Encontrou aquele que viria a ser o seu segundo marido numa missa de 7º dia onde, para além do falecido, se perfilava uma fatia grande do PIB nacional, e 80% dos sócios dos clubes lisboetas mais selectos. Antigo empresário, homem do seu nível social, com ele já tinha partilhado boleros e valsas inglesas, taças de champanhe e partidas de ténis, na variante pares mistos, onde ele evidenciara um jogo quase imbatível ao fundo do court. Agora, alquebrado e com problemas nas costas, mantém a sanidade física possível num gingar de desacerto esquelético.
Criaram ambos a rotina do paredão matinal: ela de carteira a tiracolo, como se transportasse as jóias que lhe restam numa louis vuitton bem imitada, porque a ladroagem na vila está por demais. Ele no seu desacerto constante, ombro para cá e para lá, braço descompassado da perna oposta, uma coluna desesperada a aguentar partes que parecem querer debandar.
O filme está, infelizmente, embotado - se não de miséria, pelo menos de desilusão. Ele joga todas as noites, tentando simular ao poker o bluff que não conseguiu nas negociações com os sindicatos. Perde mais do que ganha, porque a trinca não entra, a sequência máxima é muito difícil, o full hand está no domínio das hipóteses irreais. Vai buscá-la todos os dias de carro a Atibá, onde o elemento final de uma família que privou com condes e marqueses é dama de companhia de uma idosa, com momentos cada vez mais improváveis de lucidez.

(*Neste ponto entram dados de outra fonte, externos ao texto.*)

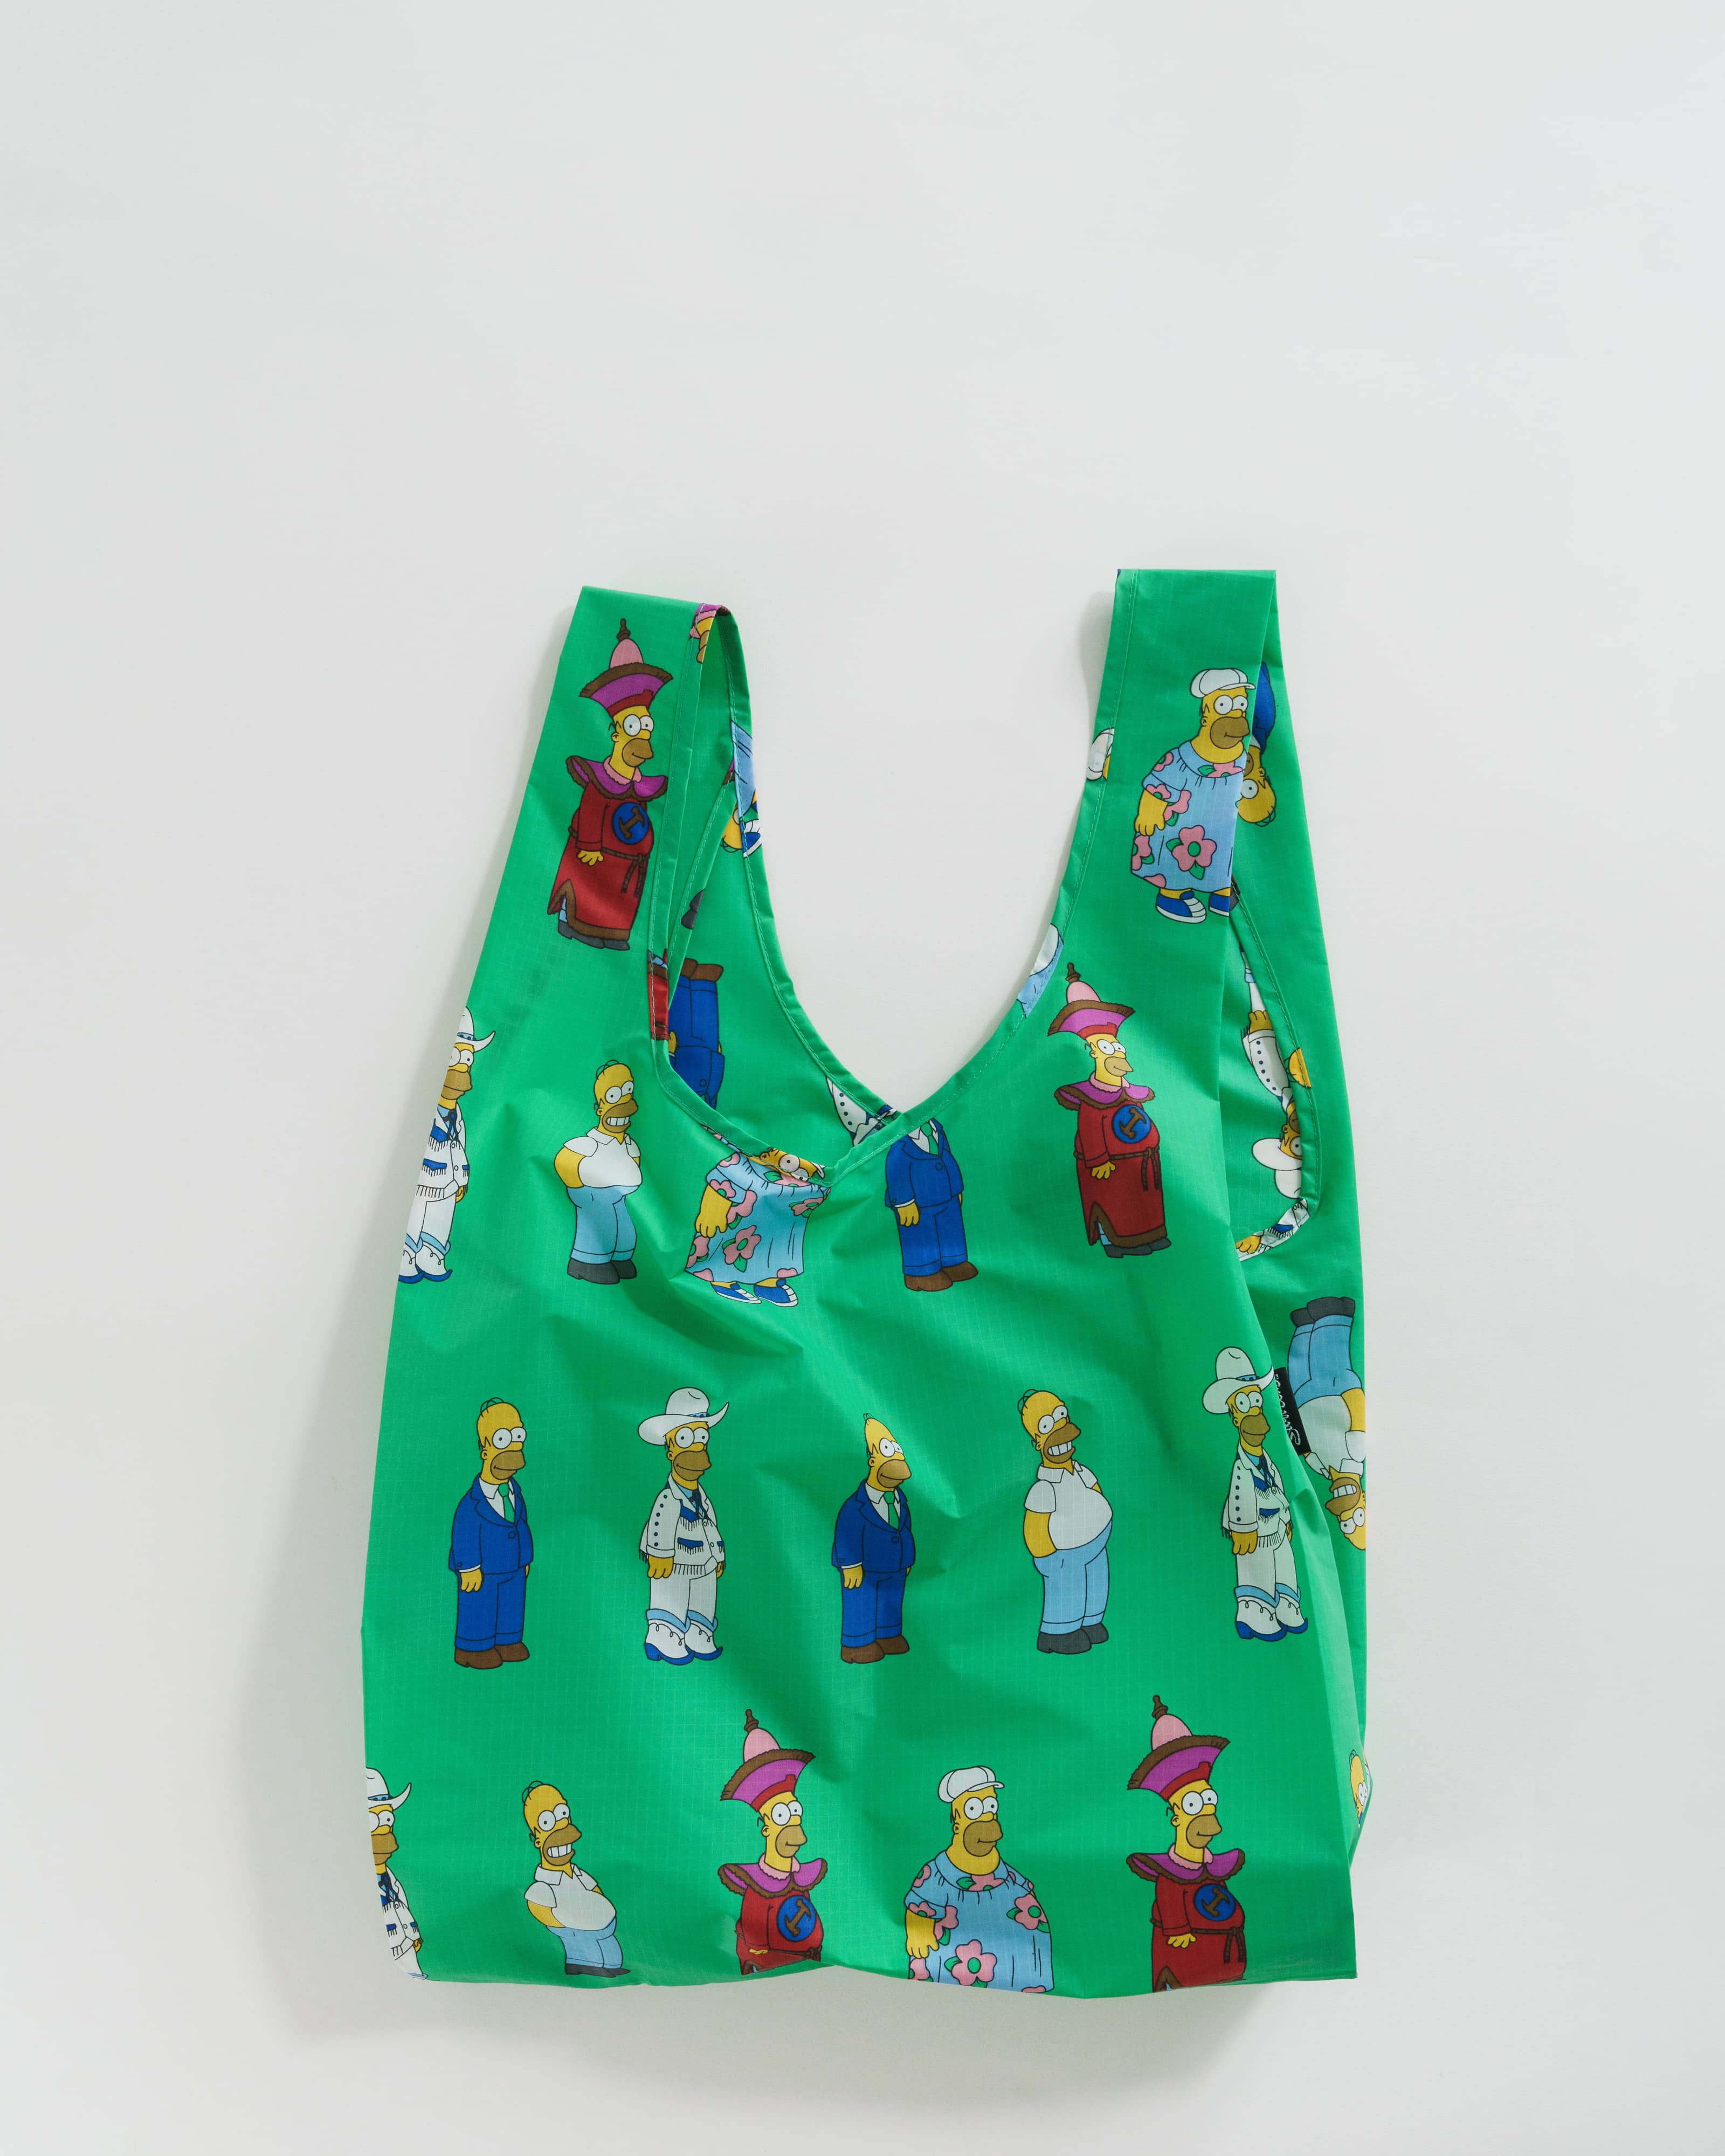 Giant Needlepoint Tote Bag – Evergreen Needlepoint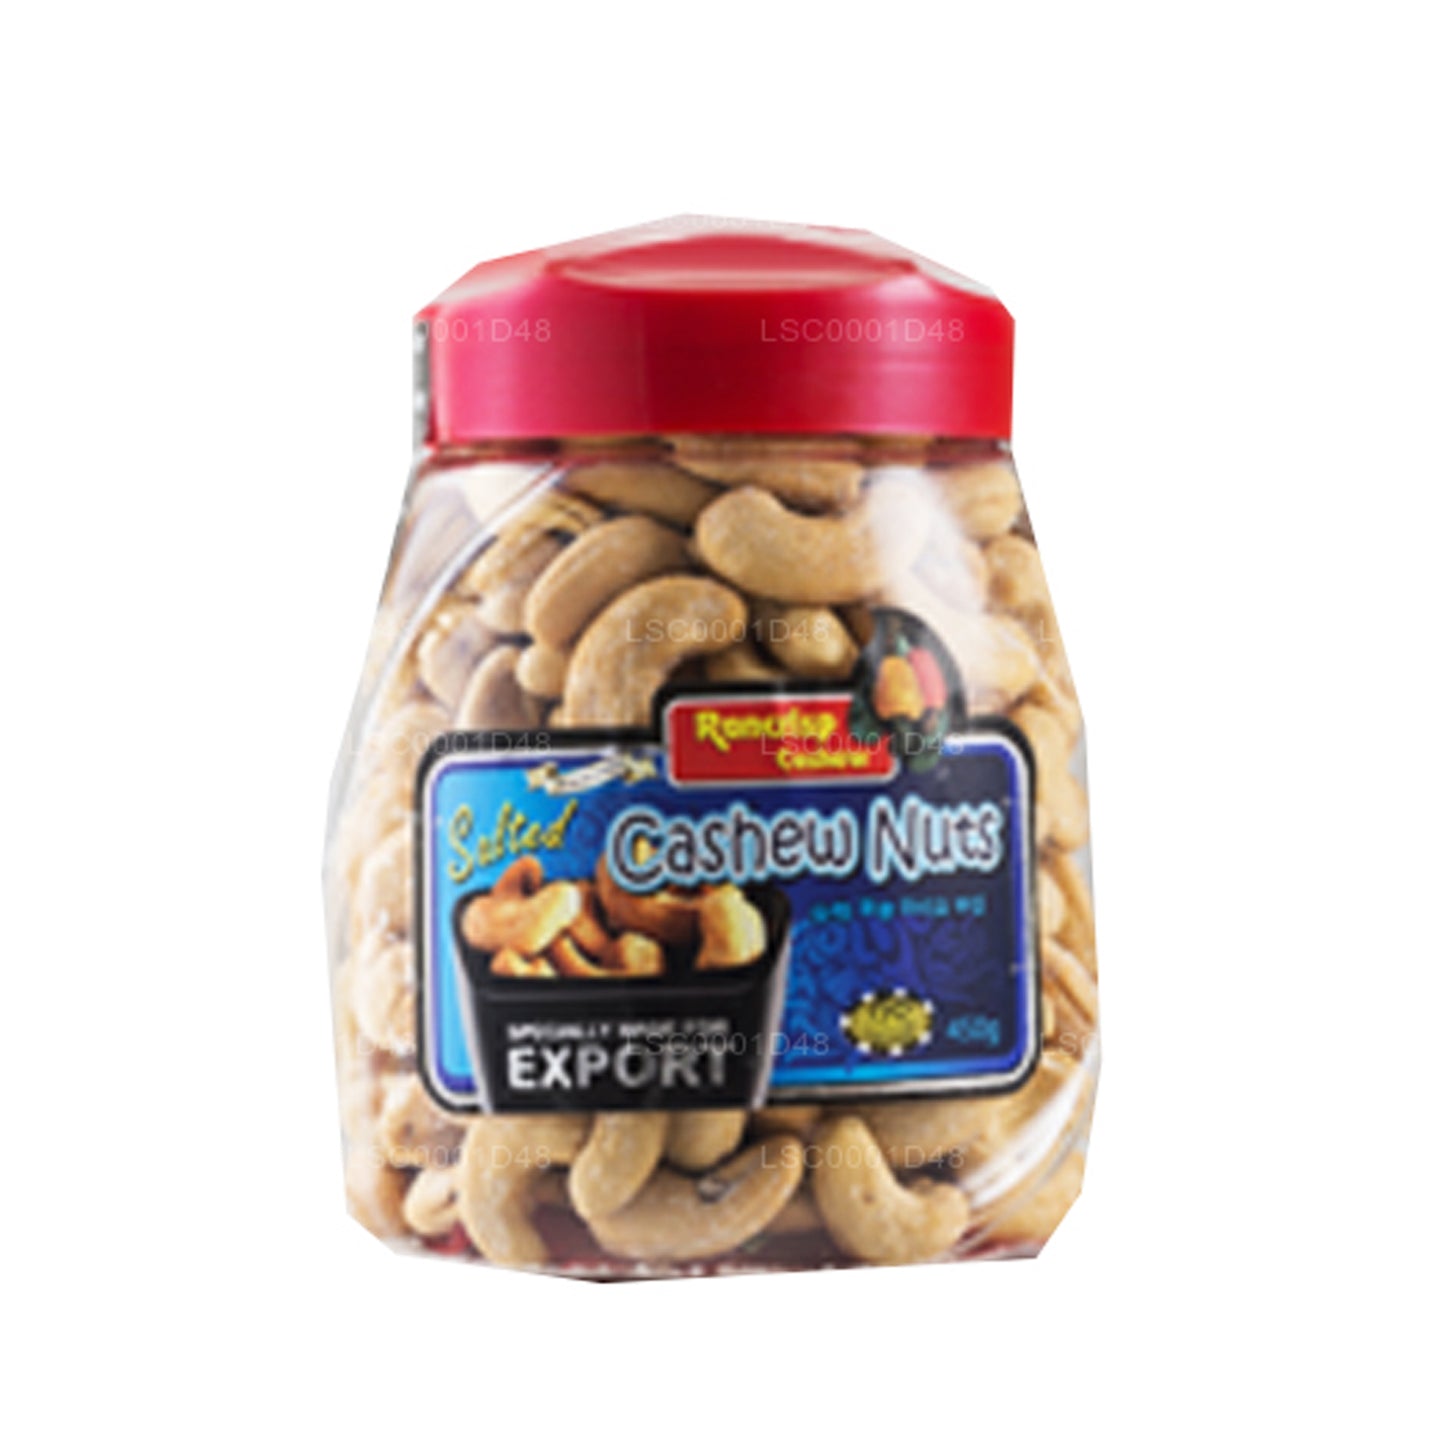 Rancrisp Salted Cashew Nuts (450g)

As noites agitadas arruínam os desejos de descanso nocturno e, por volta das quatro da manhã, com uma pontualidade que enerva, há um encontro, combativo e inesperado, na mente da anciã acamada: o fulgor e a confusão, a memória e o olvido. Nunca se saberá quem vence a contenda materializada num monólogo a quatro frases:
- Conheci muito bem a sua avozinha, devia eu ter uns doze ou treze anos. Cabia-me lavar as casas de banho todas - e olhe que eram muitas. Acho que a minha fralda está suja. Importa-se de a mudar?
Cruzo-me com eles todos os dias, conheço-lhes a história como ninguém. Ele traz no olhar o encavanço das cinco da manhã que o atirou, falido, para um sofá e uma água fresca sem gás. Ela traz a carteira a tiracolo, bem junta ao peito, porque a malandrice está como nunca se viu.